Когда журналу "Октябрь" скомандовали прекратить публикацию повести Зощенко, в редакции, надо полагать, стало известно и о готовящейся акции по завинчиванию гаек в области литературы вообще. Подобная "утечка информации" допускалась для возбуждения страха у всех возможных виновников. Но судьба "Октября" и возглавлявших ее писателей была уже определенно связана с повестью "Перед восходом солнца". И Зощенко, естественно, считал своим долгом как-то помочь редколлегии журнала, хотел отвести удар и от них, и от себя. В этом стремлении он вполне мог, как им всем, наверное, казалось, опереться на свой советский потенциал, набранный в 30-е годы, на стойко сопровождавшую его в недавнем прошлом славу, на авторитетное общественное положение. Поскольку запрет на повесть был наложен в аппарате ЦК, надо было одолевать эту главную инстанцию. И Зощенко пишет письмо Сталину:
"Дорогой Иосиф Виссарионович!
Только крайние обстоятельства позволили мне обратиться к Вам.

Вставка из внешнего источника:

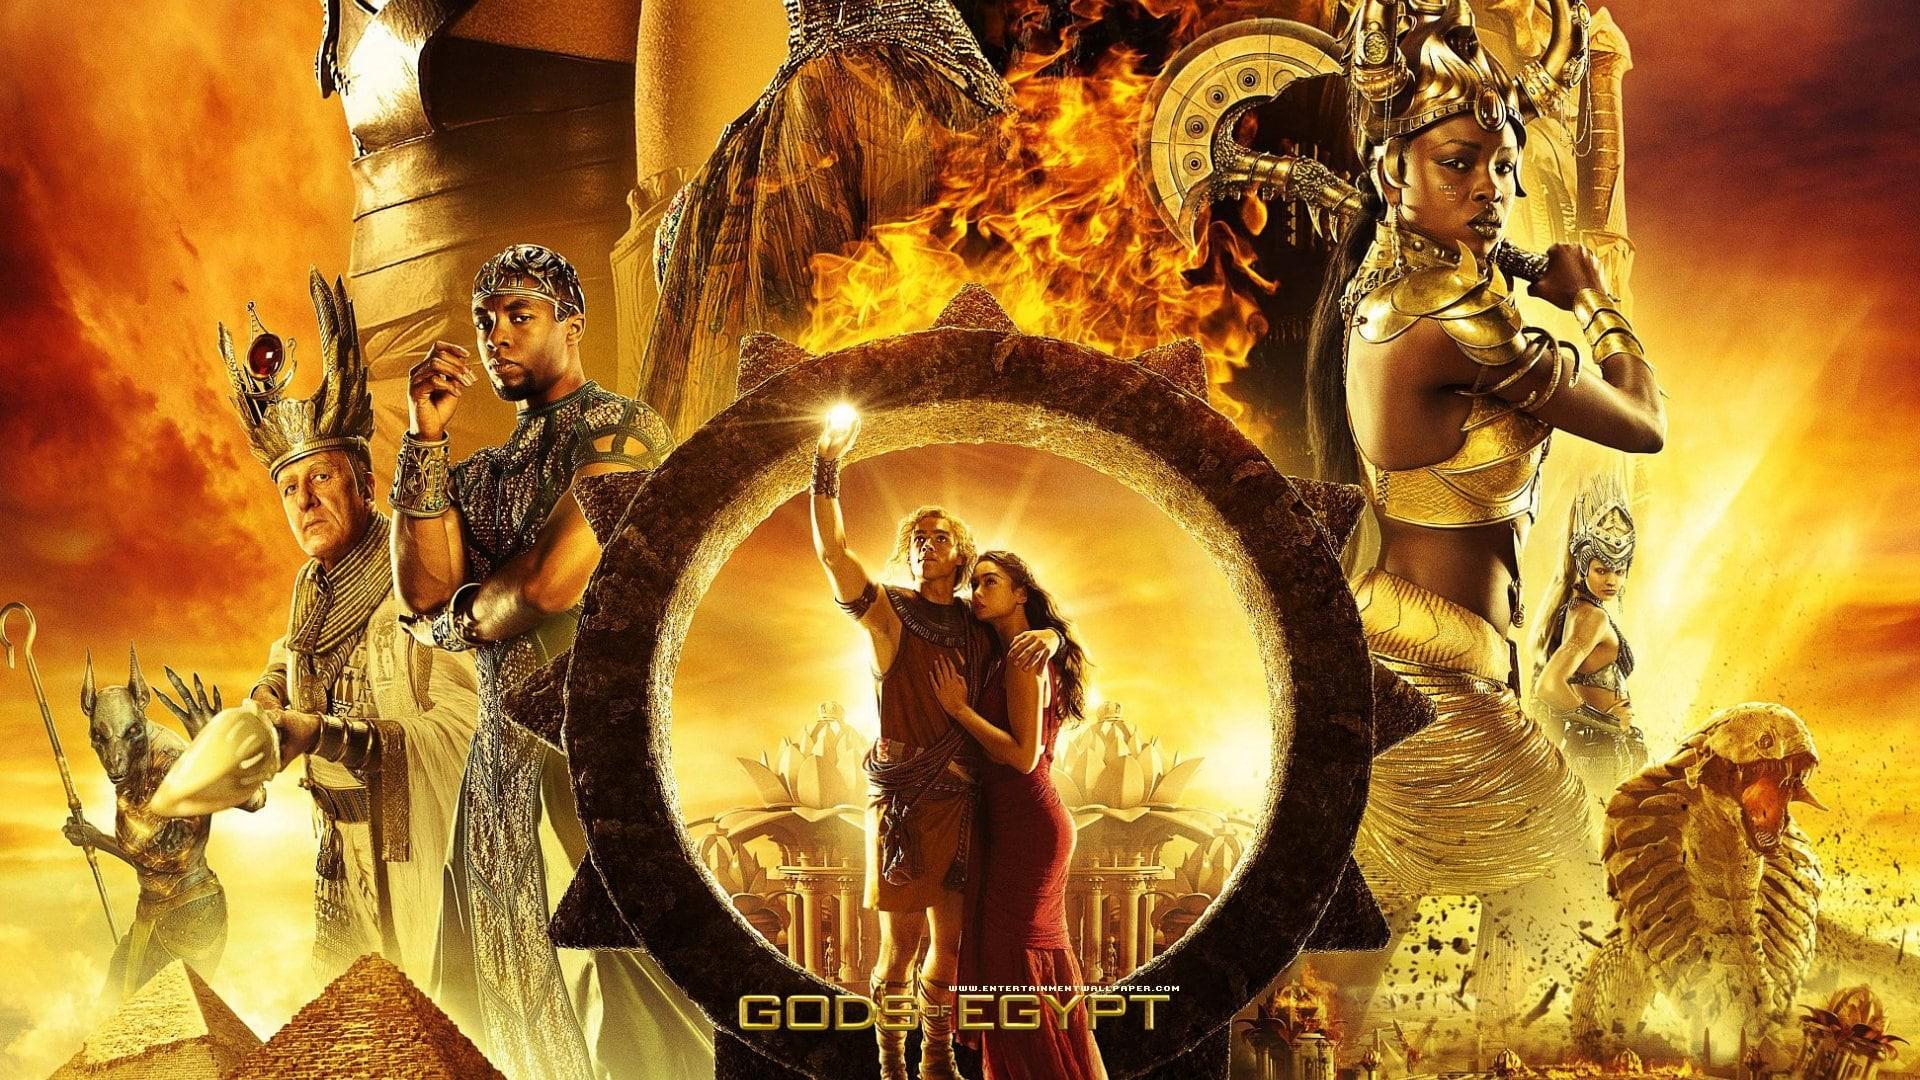 Gods of Egypt HD pics Gods of Egypt Wallpapers hd

Мною написана книга - "Перед восходом солнца".
Это - антифашистская книга. Она написана в защиту разума и его прав.
Помимо художественного описания жизни в книге заключена научная тема об условных рефлексах И. П. Павлова.
Эта теория основным образом была проверена на животных.
Мне удалось собрать материал, указывающий полезную применимость ее и к человеческой жизни.
При этом с очевидностью были обнаружены грубейшие идеалистические ошибки Фрейда, а в свою очередь, доказаны большая правда и значение теории Павлова - простой, точной и достоверной.
Редакция журнала "Октябрь" не раз давала мою книгу на отзыв, еще в период, когда я писал эту книгу, академику А. Д. Сперанскому. Он признал, что книга написана в соответствии с данными современной науки и заслуживает печати и внимания.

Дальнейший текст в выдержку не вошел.